A tamarisk leaf beetle feeds on a tamarisk tree, location and date not specified | Photo courtesy of the U.S. Department of Agriculture/Bob Richard, St. George News
Meismer said the beetles have helped to control tamarisk in Southern Utah.
“It’d be really pretty and green, and then the beetles would eat the leaves off of the tamarisk and that would turn them brown,” he said. “So whole swathes of area just go brown in the middle of the summer. It really showed how much tamarisk was there.
“If you go and you look at some of those areas today, they’re green all summer long because the native species have come in and gotten a foothold and done better as far as competing with the tamarisk. We’ve given them a little bit of an edge, and they’ve taken off.”
However, the beetles’ success can be a double-edged sword for flycatchers. In the fall, the beetles begin to hibernate and emerge again each spring. Meismer said flycatchers may build their nests in green tamarisk, concealed from the sun and predators before the beetles surface and defoliate the tree.
Then, the nest is exposed, making it an easier target for predators and more likely to overheat.

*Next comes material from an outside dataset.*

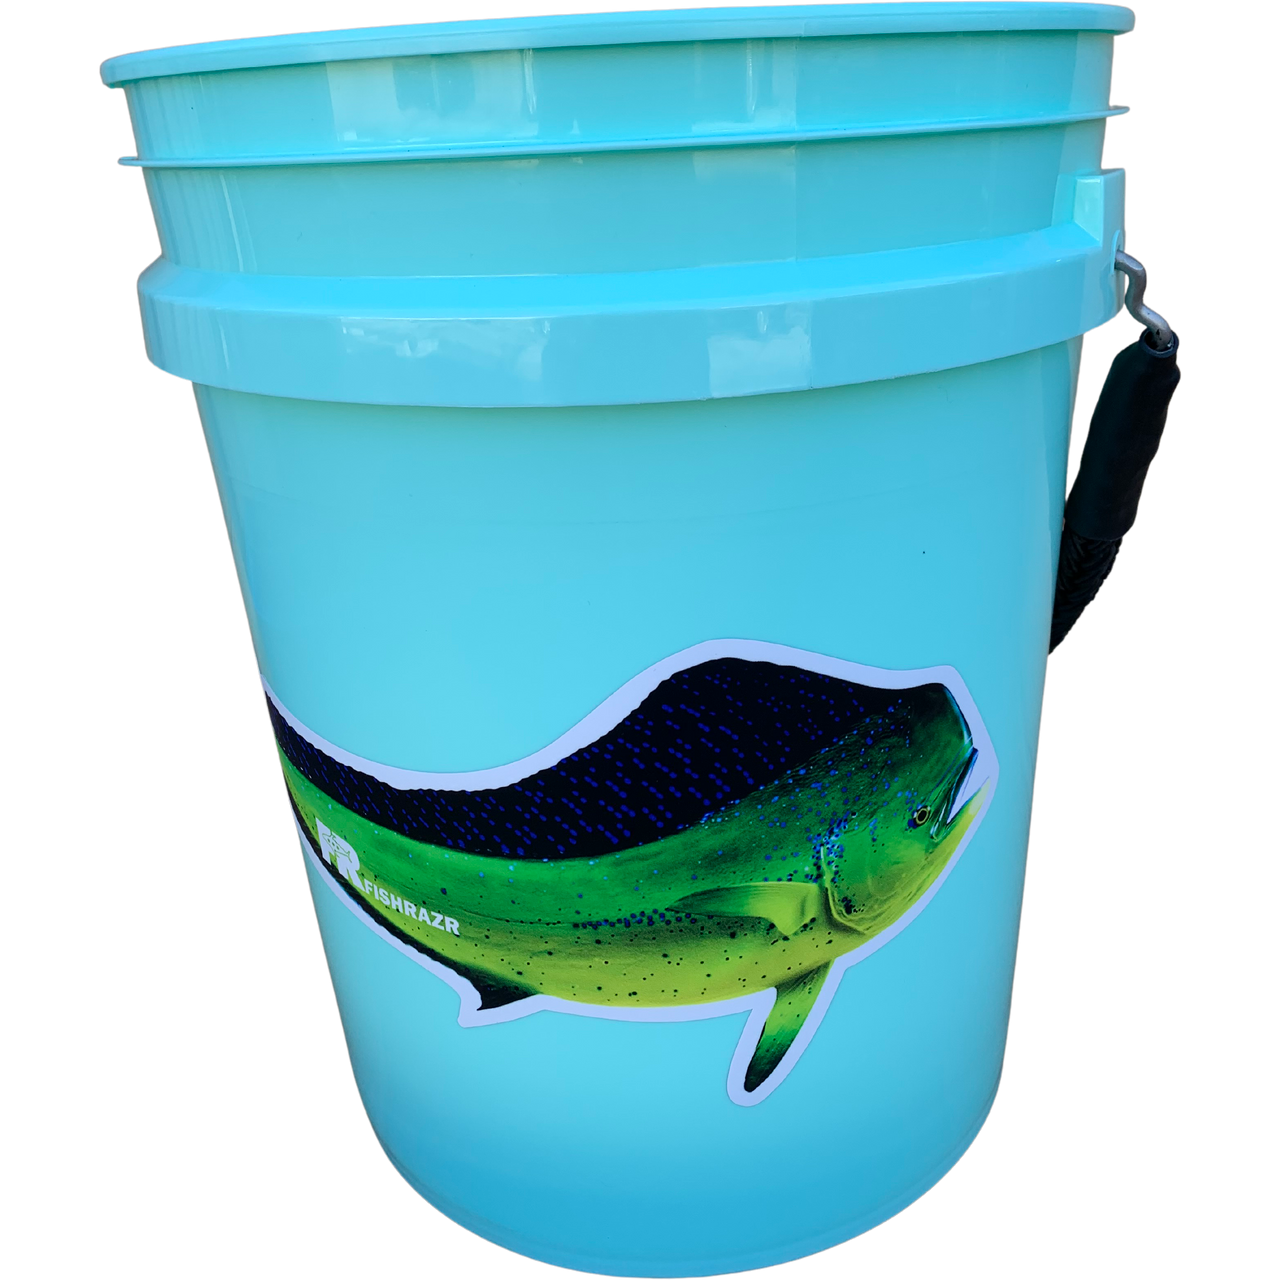 The Fish Bucket

Audubon Southwest reported that in 2009, the beetles began feeding at the beginning of the birds’ nesting season, resulting in 87% — 13 of 15 — of the nests in St. George failing.
“This has been described by the (U.S. Geological Survey) as a possible ecological trap, wherein the habitat initially appears green and inviting to nesting birds only to change vegetation characteristics in the middle of the nesting season,” the organization states.